> What to work on
The whole listing below should be printed again exactly, with no images.

> Data shown

####################

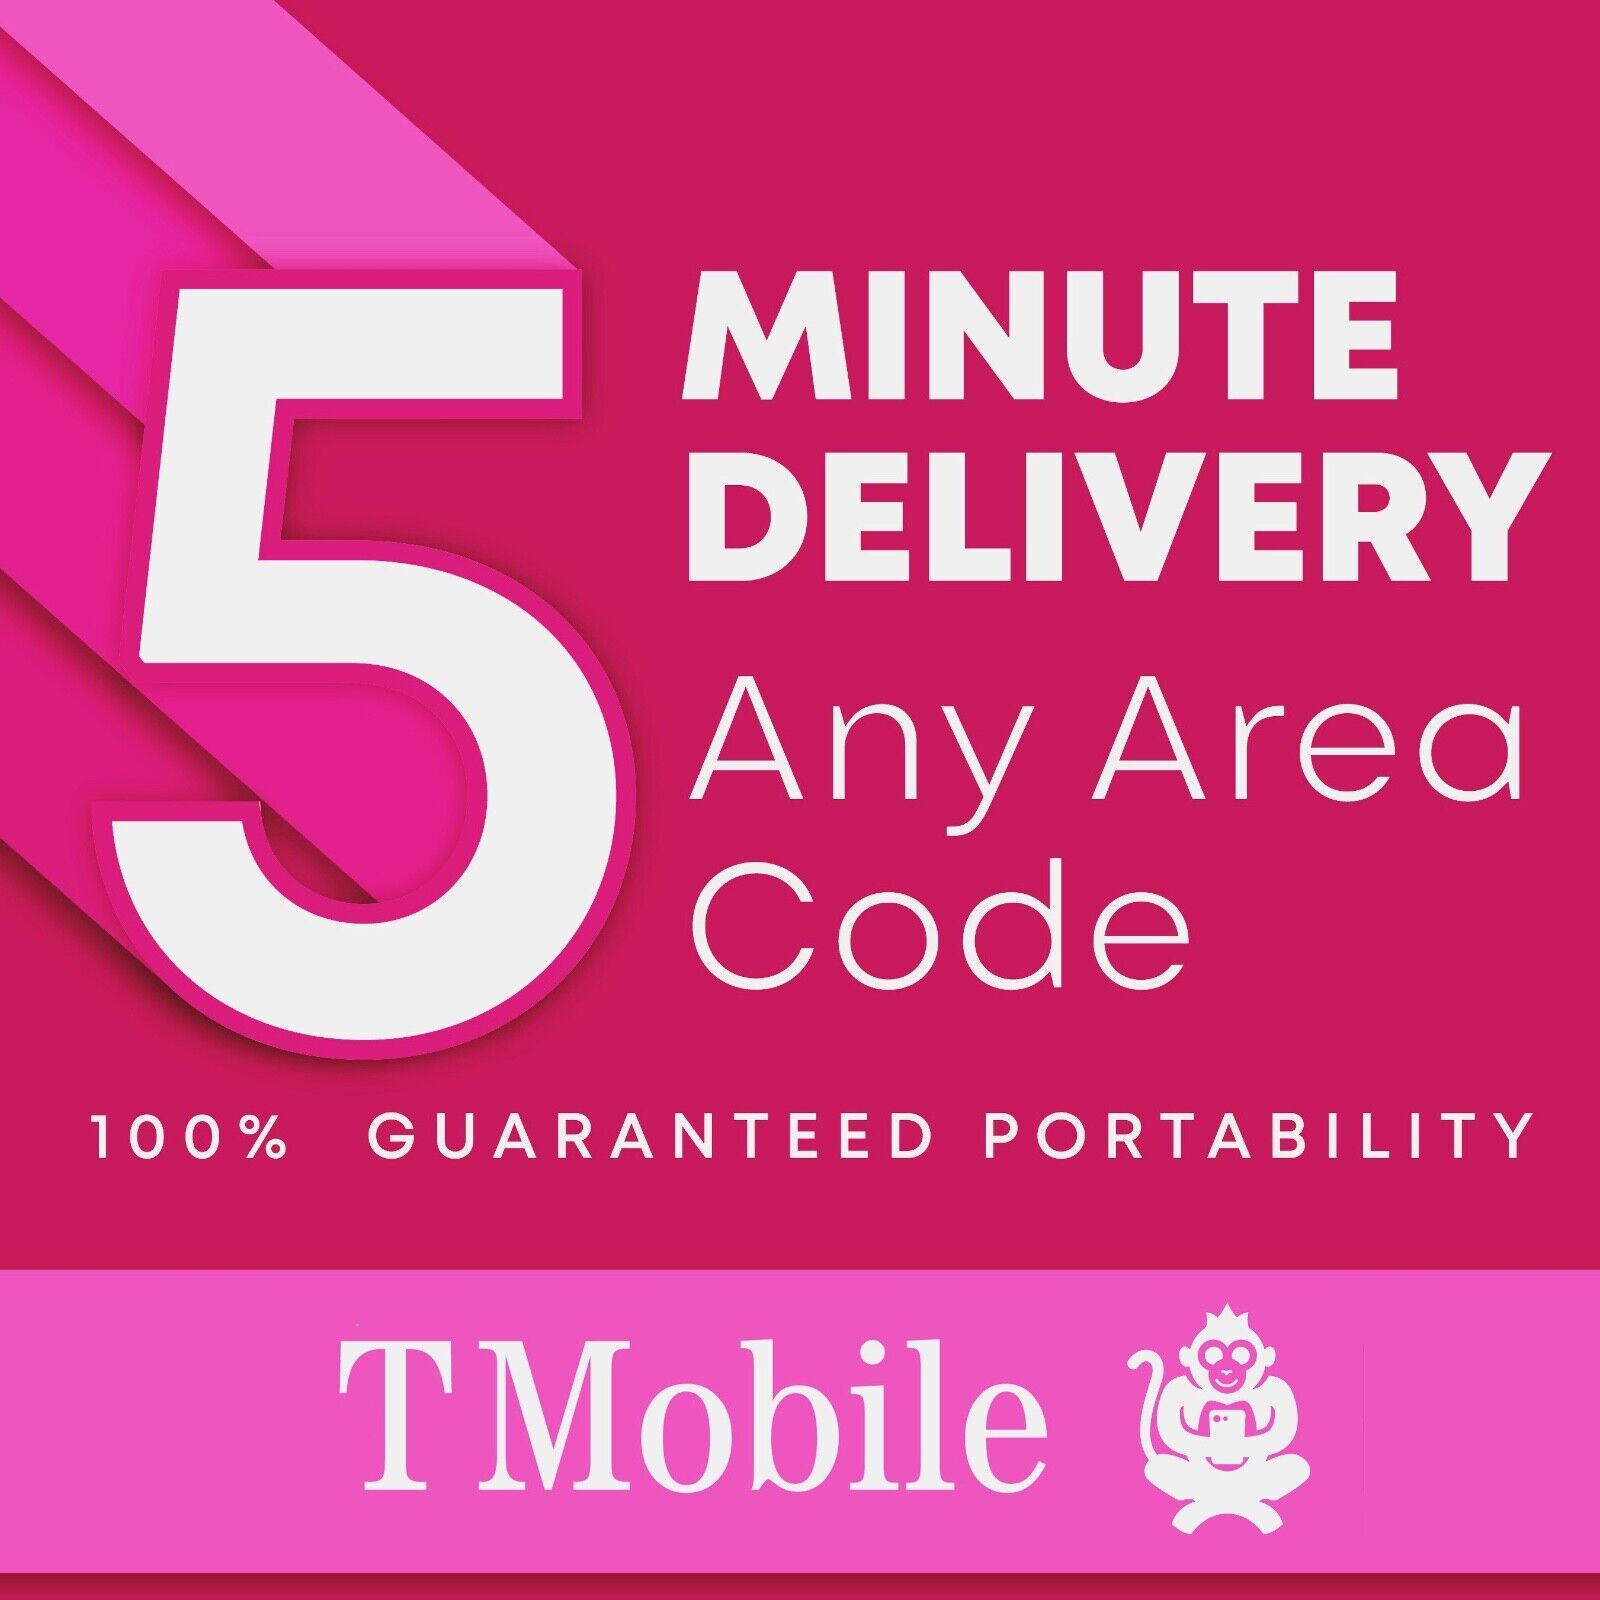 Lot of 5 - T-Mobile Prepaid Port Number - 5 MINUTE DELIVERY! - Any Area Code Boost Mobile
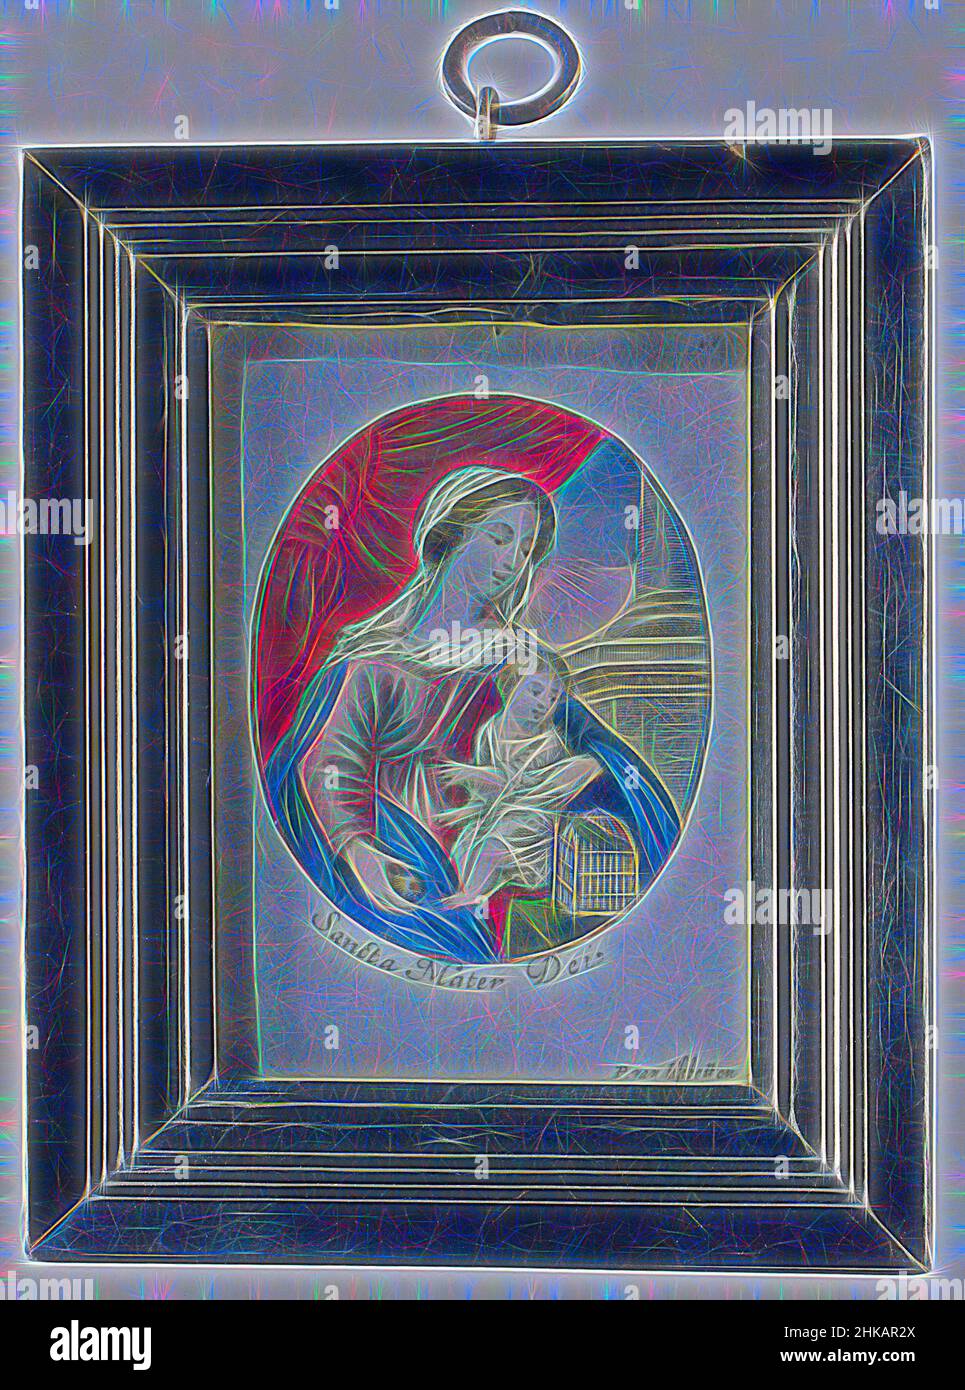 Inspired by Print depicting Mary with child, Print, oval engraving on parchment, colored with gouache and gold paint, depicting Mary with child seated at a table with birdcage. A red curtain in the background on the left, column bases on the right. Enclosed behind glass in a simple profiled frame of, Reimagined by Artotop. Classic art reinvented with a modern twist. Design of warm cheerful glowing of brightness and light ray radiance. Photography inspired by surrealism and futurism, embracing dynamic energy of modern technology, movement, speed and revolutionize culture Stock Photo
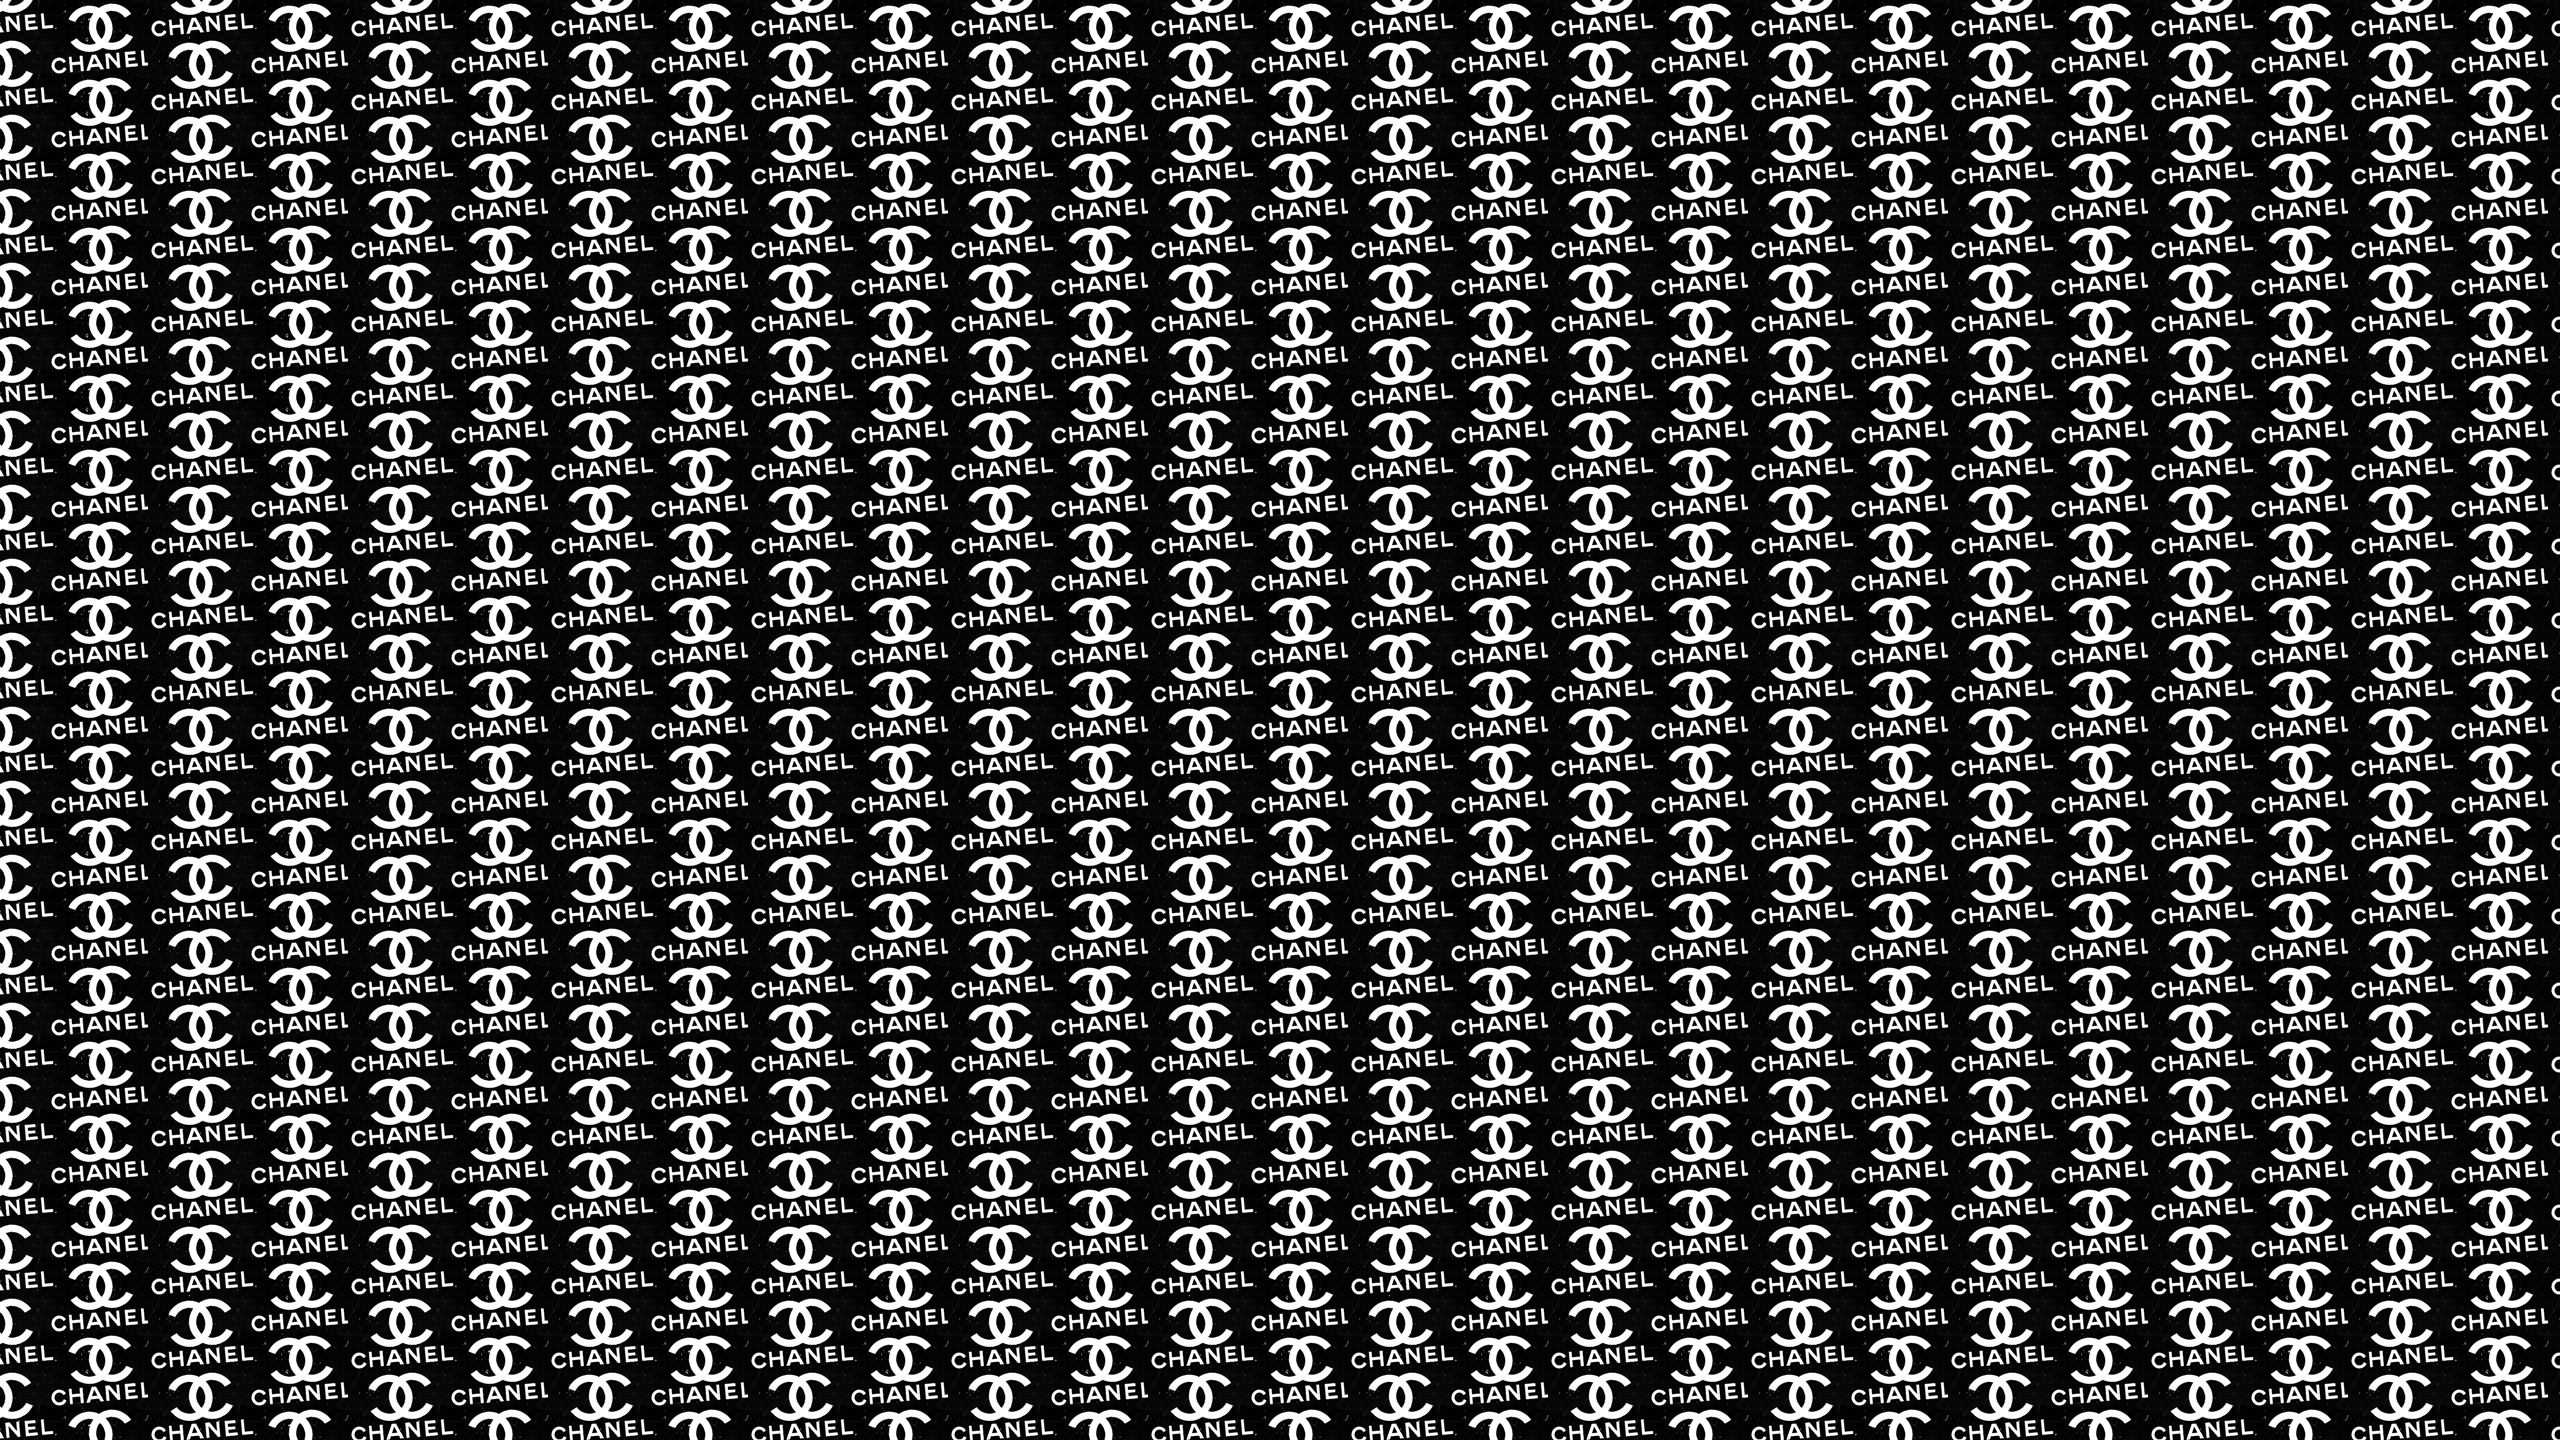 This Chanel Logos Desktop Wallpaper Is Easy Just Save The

####################

> Answer below
 Lot of 5 - T-Mobile Prepaid Port Number - 5 MINUTE DELIVERY! - Any Area Code Boost Mobile
 Inspired by Print depicting Mary with child, Print, oval engraving on parchment, colored with gouache and gold paint, depicting Mary with child seated at a table with birdcage. A red curtain in the background on the left, column bases on the right. Enclosed behind glass in a simple profiled frame of, Reimagined by Artotop. Classic art reinvented with a modern twist. Design of warm cheerful glowing of brightness and light ray radiance. Photography inspired by surrealism and futurism, embracing dynamic energy of modern technology, movement, speed and revolutionize culture Stock Photo
 This Chanel Logos Desktop Wallpaper Is Easy Just Save The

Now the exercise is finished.